The interesting part of this comes when you allow for a covering of rock or regolith. It only takes a thin covering (think ~millimeters) to effectively filter out enough UV radiation for microbes to survive (I believe Cockell et al, 2005 Astrobiology used chroococcidiopsis and got greater longevity at martian conditions than previous experiments using bacillus subtilis. 1mm regolith covering at Mars temp and pressure.) There is a sweet spot where UV radiation is filtered out but visible light can still penetrate, theoretically providing a habitable zone for phototrophic microbes- provided they can get everything they need from that environment. So a microbe would have to survive the sterilization processes on earth, survive the journey, entry though the martian atmosphere (if that part of the spacecraft was exposed), then get quickly deposited under the regolith at the perfect distance for its nucleic acids to remain intact. Tricky! I’m not suggesting this is the only mechanism for microbial delivery- just an interesting one.

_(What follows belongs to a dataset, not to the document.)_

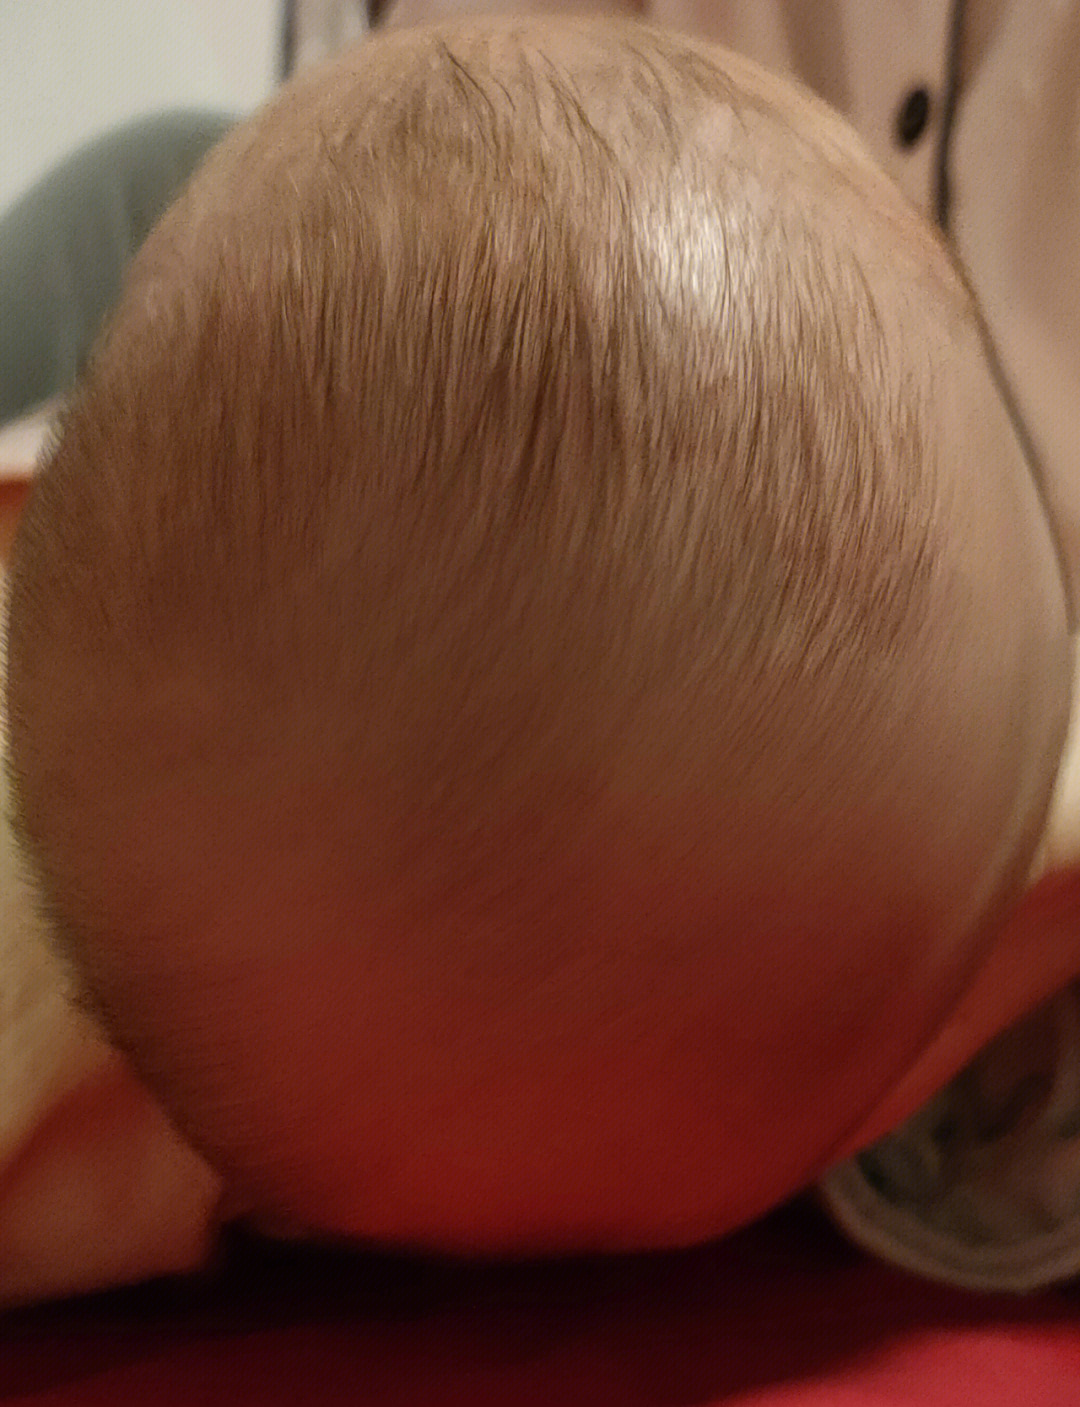 宝宝二个月6天,现在头型舟状头,两侧犄角明显,耳朵两边凹陷厉害
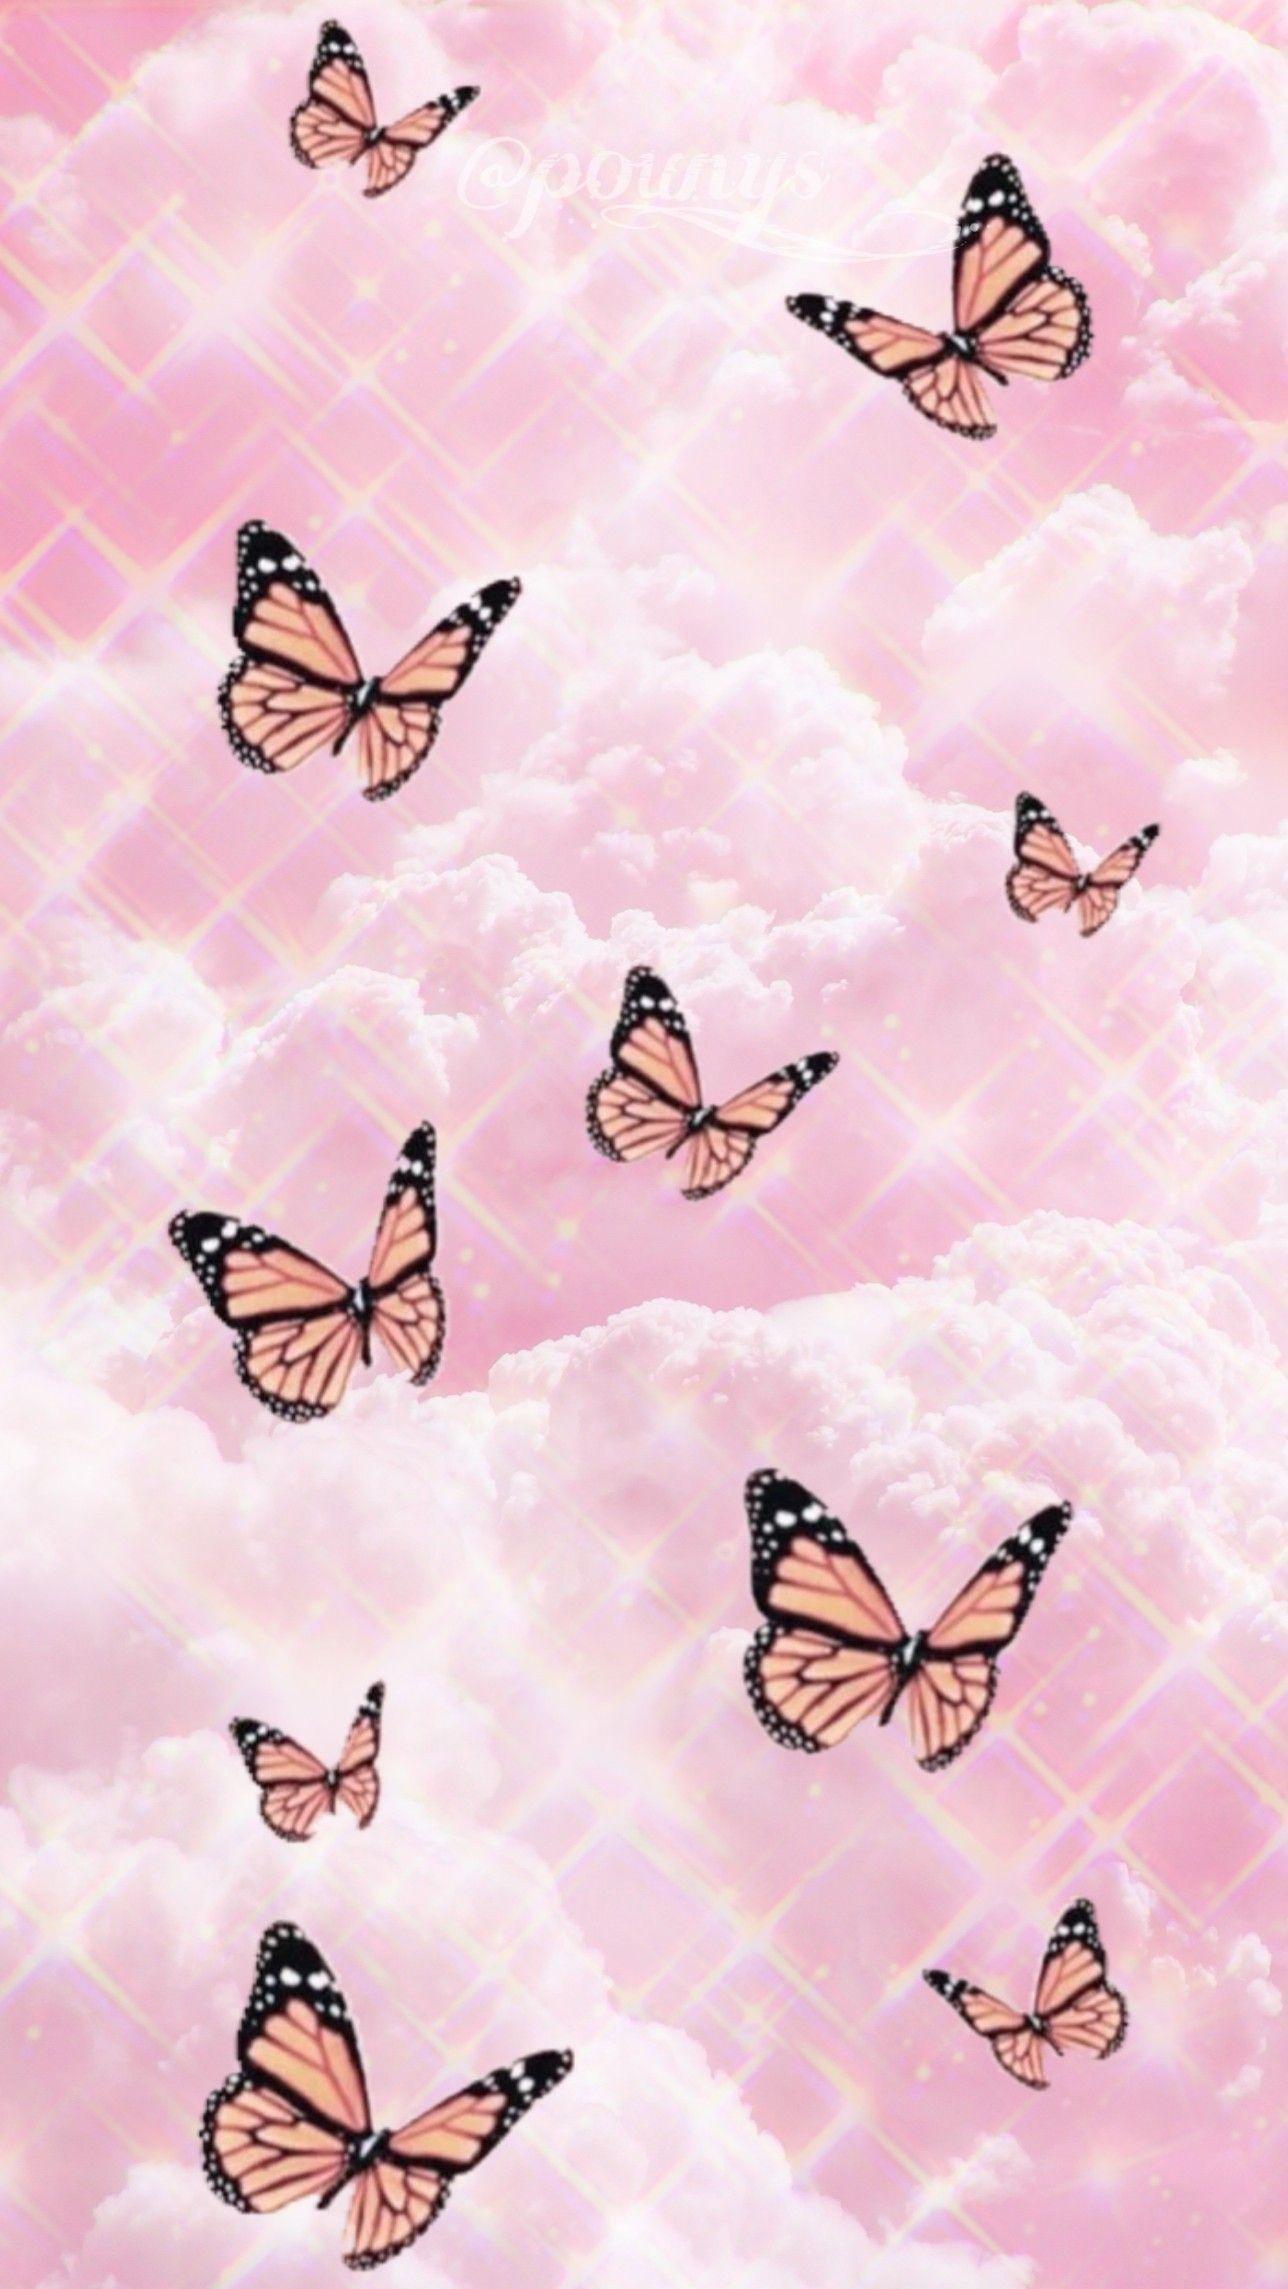 Hình nền bướm đáng yêu và màu hồng ngọt ngào tạo nên một không gian trang trí thú vị và độc đáo. Với họa tiết bướm nhỏ xinh trên nền màu hồng nhạt, bức ảnh này sẽ mang lại nét đẹp ngọt ngào và dịu dàng cho căn phòng của bạn. Hãy cùng xem để cảm nhận vẻ đẹp đầy thu hút của ảnh động này!

Planetary protection protocols (at least for Mars) rely on the sterilizing UV radiation at the surface to take care of some of the microbial hitchhikers. Anything penetrating the surface falls into a stricter category on the planetary protection plan (or it did last time I looked- could have changed by now). There is an effort to keep things as ‘clean’ as possible, but highly sensitive equipment, or tools which will be digging into the soil, are specially treated (heat, biobarriers) to minimize the possibility of microbial contamination.
I am not a microbiologist, but from what I’ve seen in the astrobio literature, the dessication and cold resistant microbes go into a kind of dormant state for survival. However, if you want a microbe to survive prolonged radiation, you want it to be capable of rapidly repairing its DNA. If it can, then the pressing issue is basically instantaneous radiation dose- ie how much UV can it get in any one short period of time (then it can repair). If it is in some kind of dormant state and can’t rapidly repair its DNA, then the issue becomes one of accumulated radiation dose- ie can it repair the damage done to it by UV after it reawakens after a much longer session of exposure. Deinococcus radiodurans is particularly resistant to radiation because it has a fast nucleic acid repair mechanism- it only concerns itself with instantaneous dose (first studied for its X-ray resistance, now of importance in planetary protection). Chroococcidiopsis is the same way.
Here I am, posting to GQ, without proofreading. What am I thinking??